We are both 27, so we we think the time is now. We will be leaving arroun feb-March ´16. We both have a solid background in the fitness / training industry with +10 years of experience and education respectively as a physiotherapist and humanphysiologist(Master degree) we are not choosy with jobs to start out with, but think we have alot to contribute with to a gym/fitness courses etc..

*Just in general, which city do you guys consider have the best odds! cost/benefits wise for a couple on working holliday visa ? *

We have considered the three obvious choices: 
Sydney, Melbourne and Brisbane - but what does a couple living on the direct opposite side of the earth know . 
We hope you guys can help out a little.

For example: Which city would offer the best opportunity for jobs ? does the massive vistors on WH in Sydney outweigh the befifits of a huge city?
Is the rent cheaper in Brisbane or the same?

Any better ideas ?

Best Regards 
Ulrik Larsen 
Copenhagen, Denmark


----------



## JandE (Jul 17, 2015)

Ulrik-DK said:


> Hi Everyone
> 
> *Best options for working holliday visas*
> First of all I know there are many elements of this question, but any advice/suggentions would be great!.
> ...


Rent can be cheaper in Brisbane or more specially the Gold Coast.
But it can depend on what you are looking for.
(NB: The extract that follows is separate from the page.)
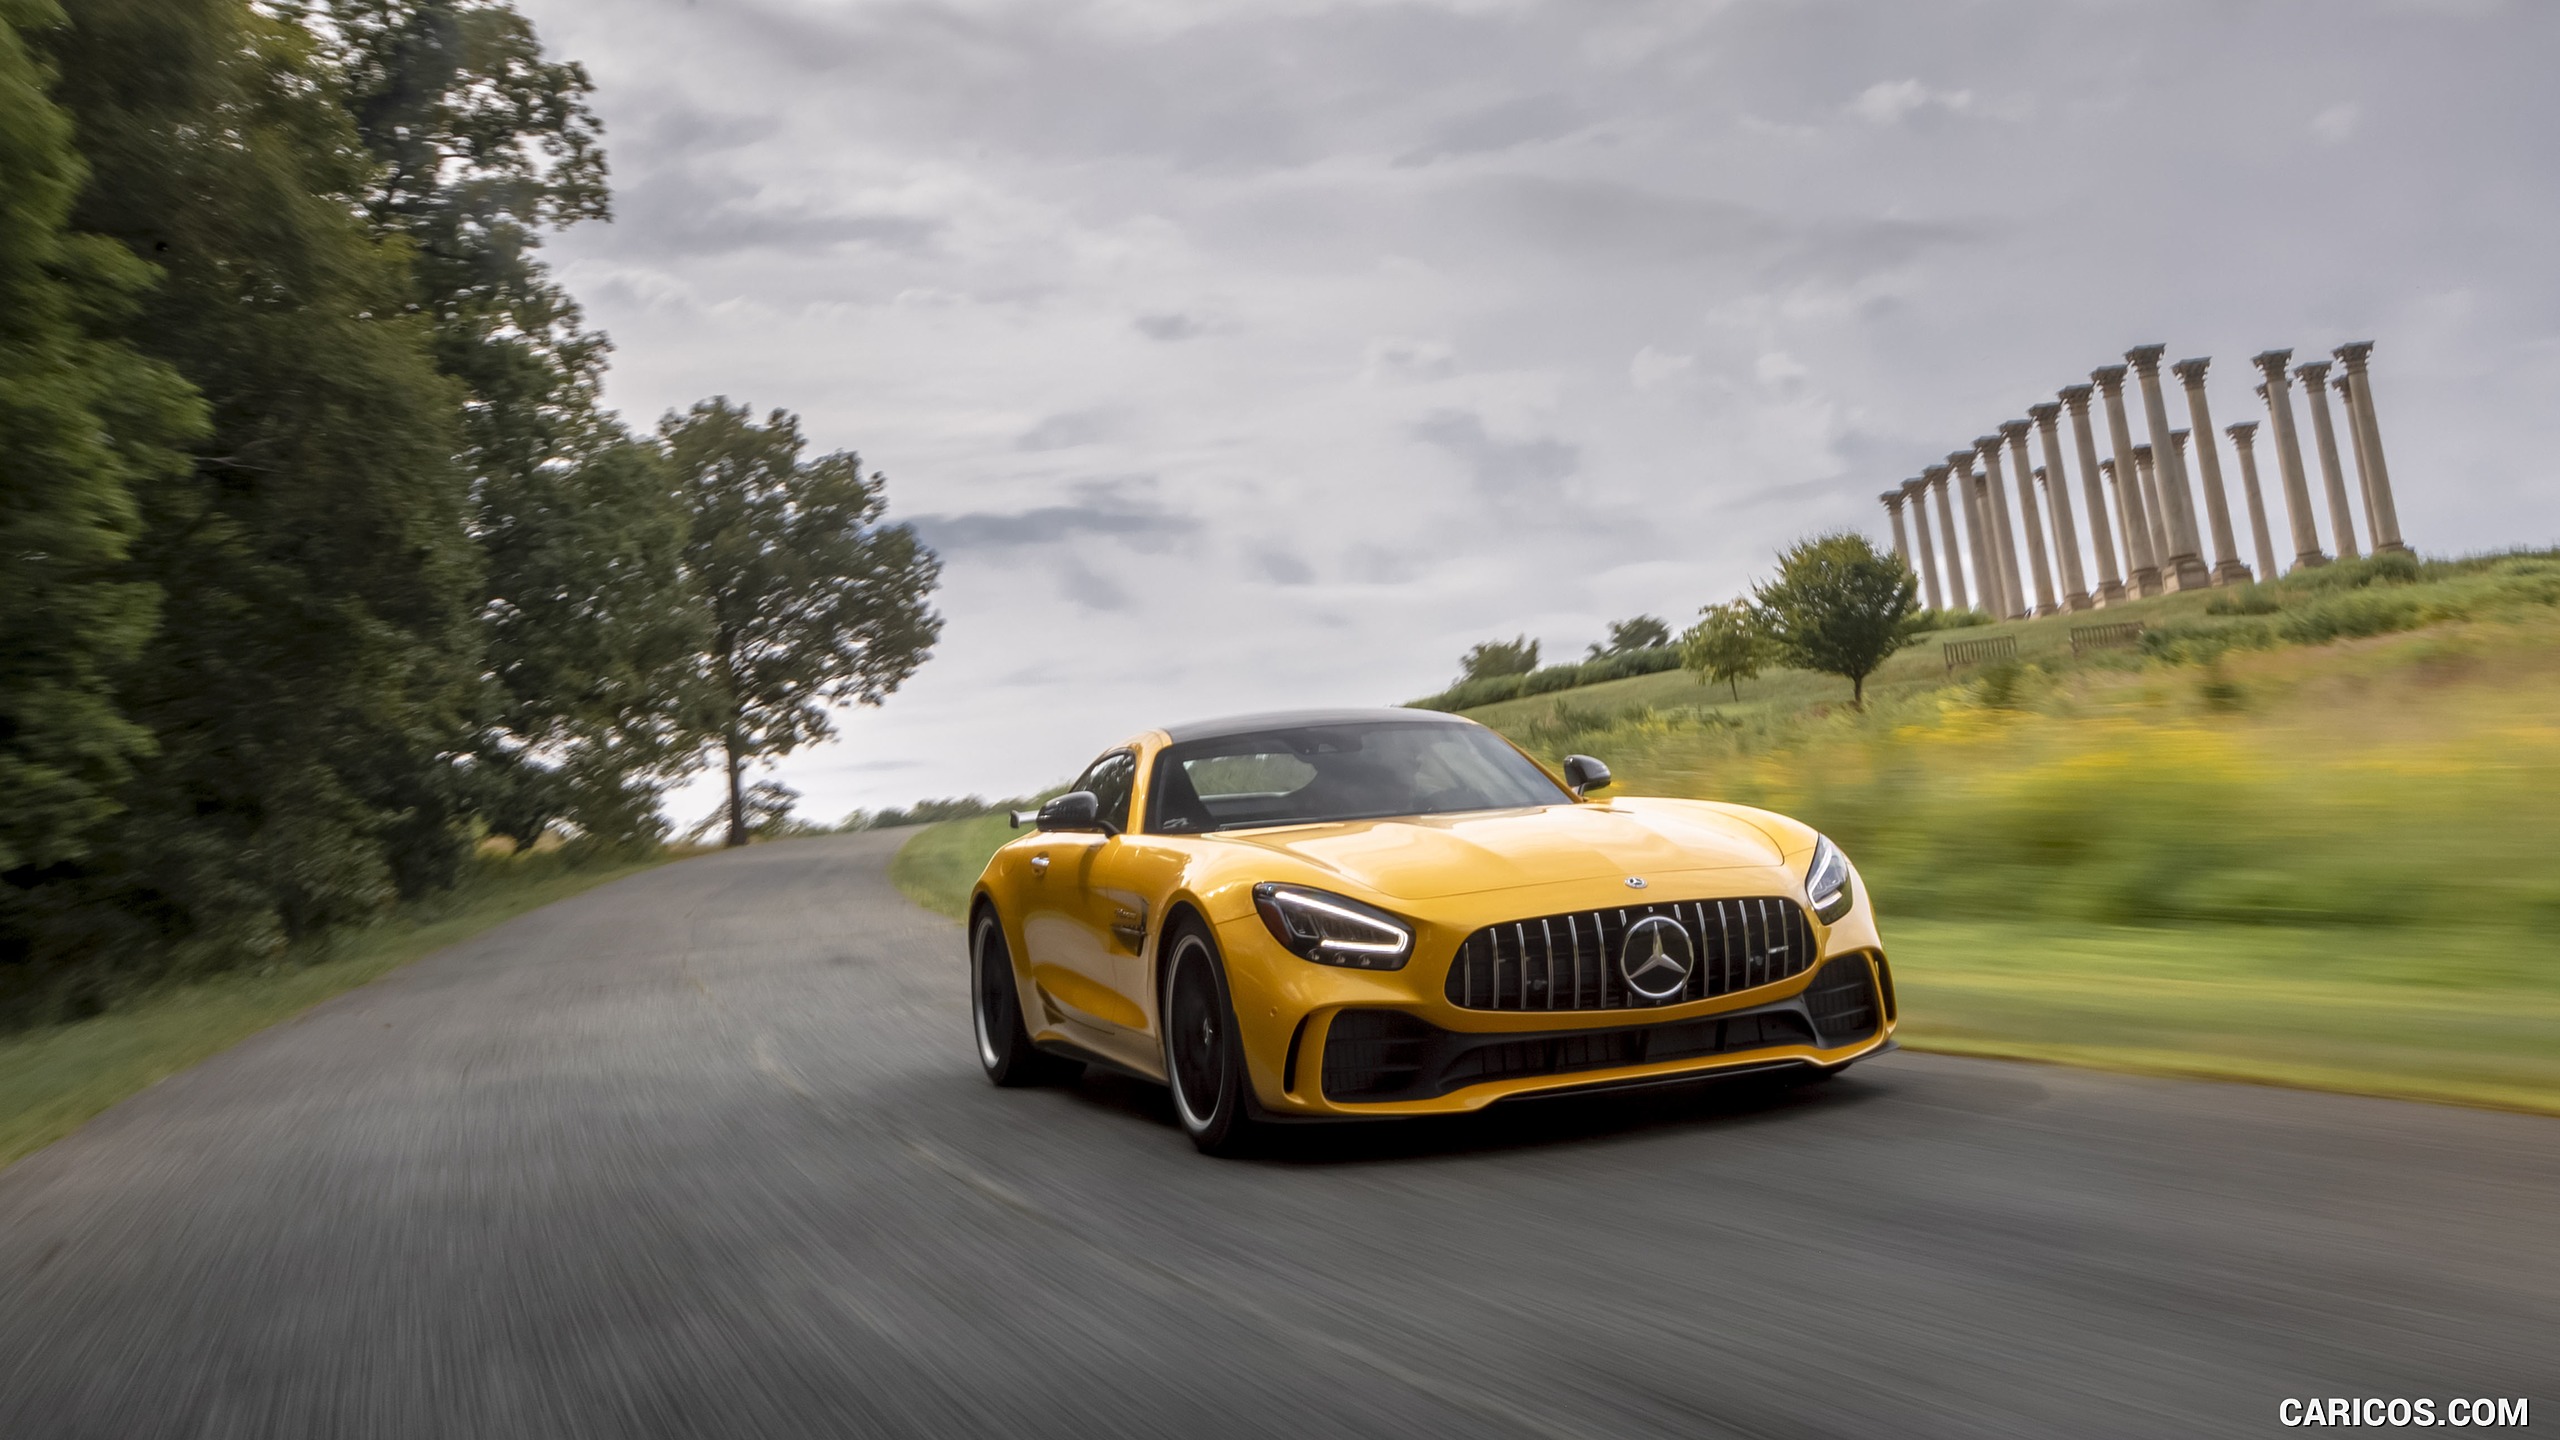 2020 Mercedes-AMG GT R Coupe (US-Spec) - Front Three-Quarter, #266 of 328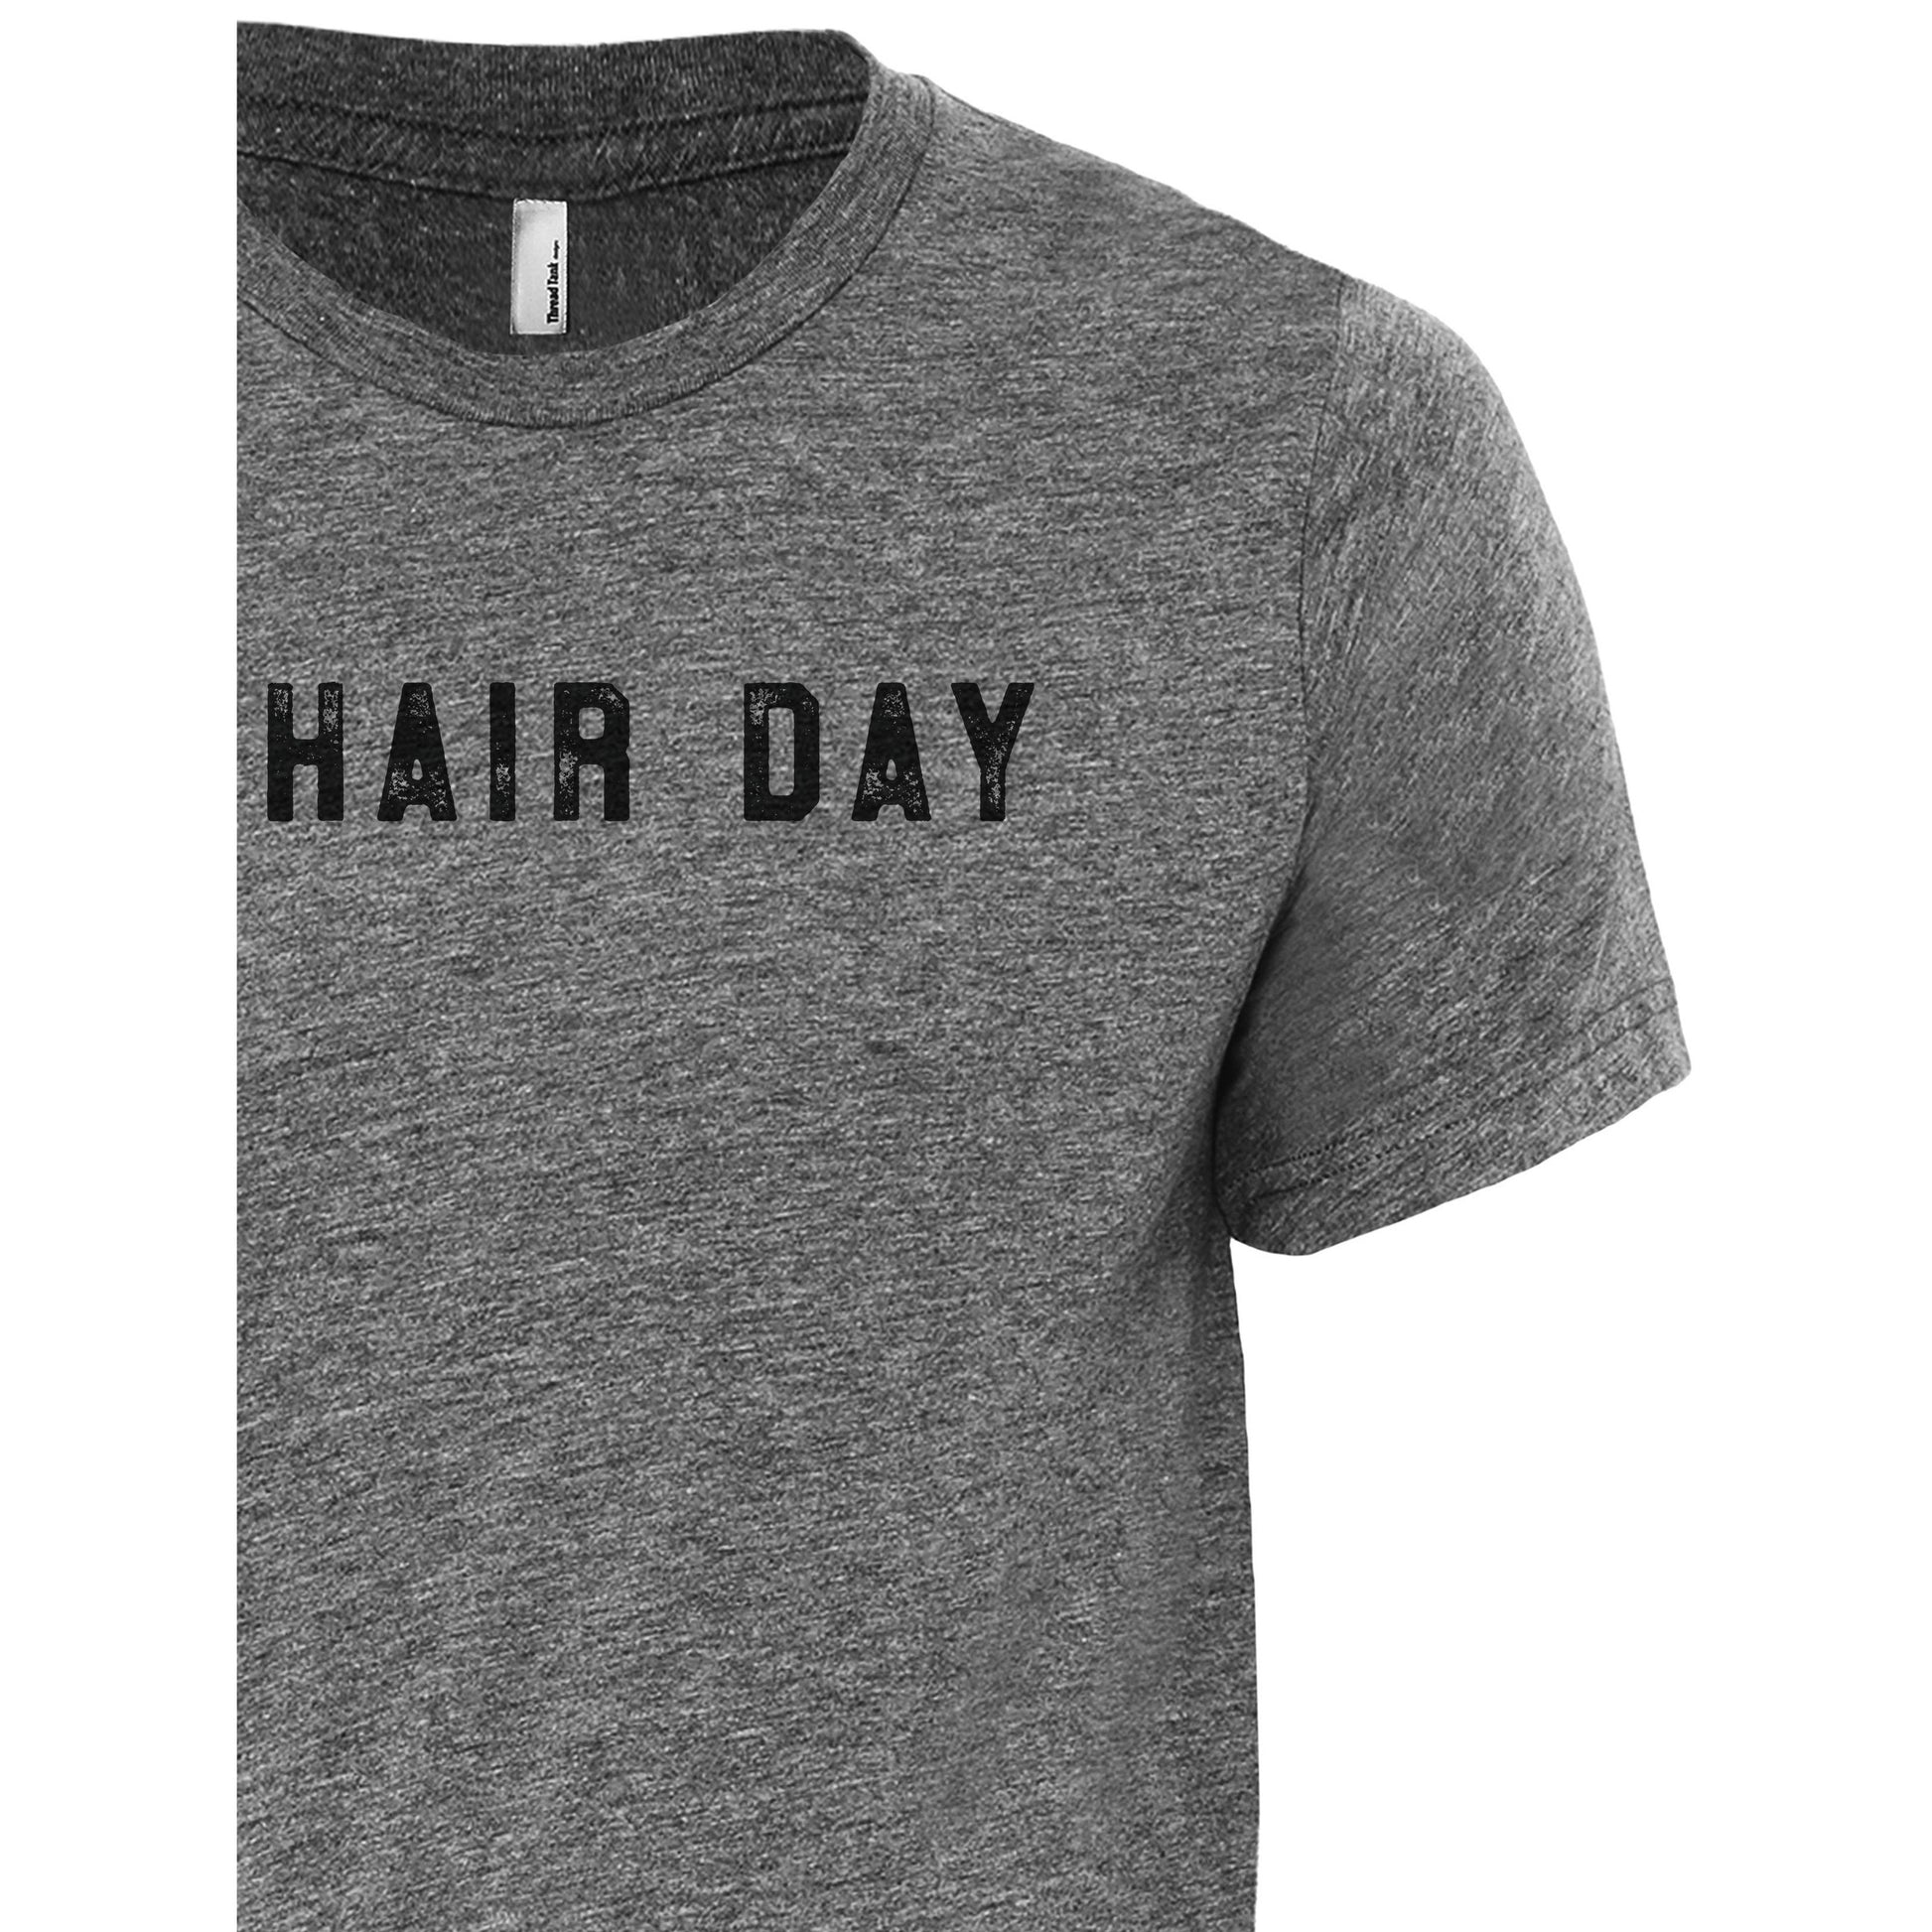 No Hair Day - Stories You Can Wear by Thread Tank

In your position I would be tempted to consider the Gold Coast, as I see many people jogging and exercising here from my window overlooking the Broadwater.
I get the feeling that fitness is quite popular here. It's an area you could check out.

Accommodation costs? Furnished or Unfurnished is the first question.
Furnished accommodation is often expensive, but I found that the Gold Coast seems reasonable for 1 bedroom units. I am paying $310 per week for mine at the moment on just a 13 week term.
Finding decent unfurnished houses here though is not easy. Lots of people wanting whatever becomes available from about $450+ pw.


----------